Only one stretch of the data is wanted: the line containing "Metro Women Gold-Toned", the line containing "Front view of", and every line between them, copied exactly.

RECORDS TO PROCESS ▸
------------------------------------------------------------
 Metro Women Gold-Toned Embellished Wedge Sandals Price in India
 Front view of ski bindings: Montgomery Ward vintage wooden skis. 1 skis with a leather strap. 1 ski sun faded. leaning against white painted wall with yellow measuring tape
------------------------------------------------------------
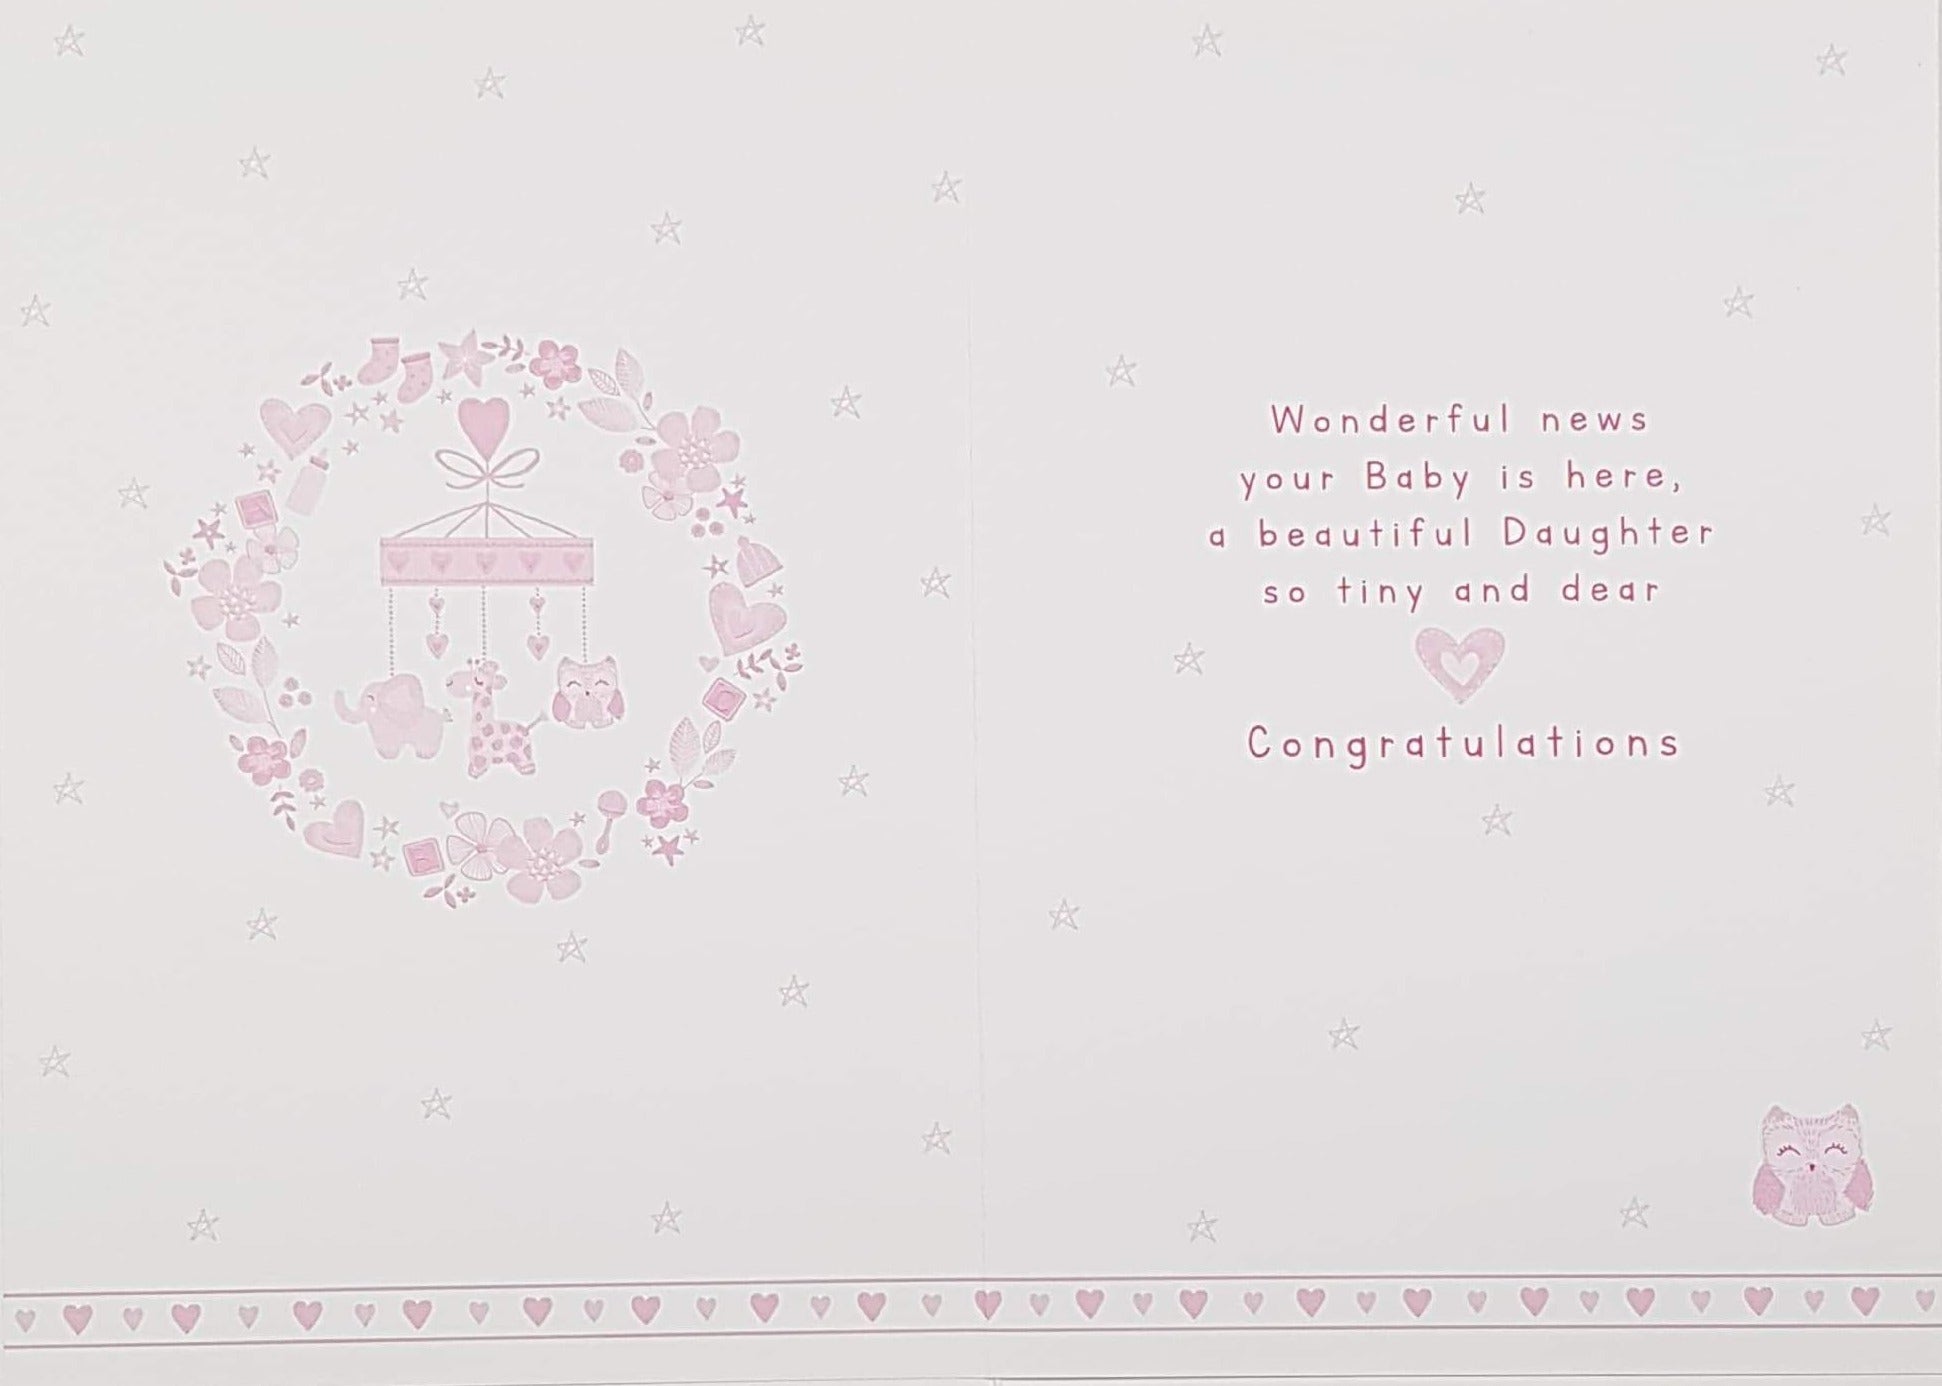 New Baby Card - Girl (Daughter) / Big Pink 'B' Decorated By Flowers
------------------------------------------------------------
RESPONSE TO THE EXERCISE ▸
 Metro Women Gold-Toned Embellished Wedge Sandals Price in India
 Front view of ski bindings: Montgomery Ward vintage wooden skis. 1 skis with a leather strap. 1 ski sun faded. leaning against white painted wall with yellow measuring tape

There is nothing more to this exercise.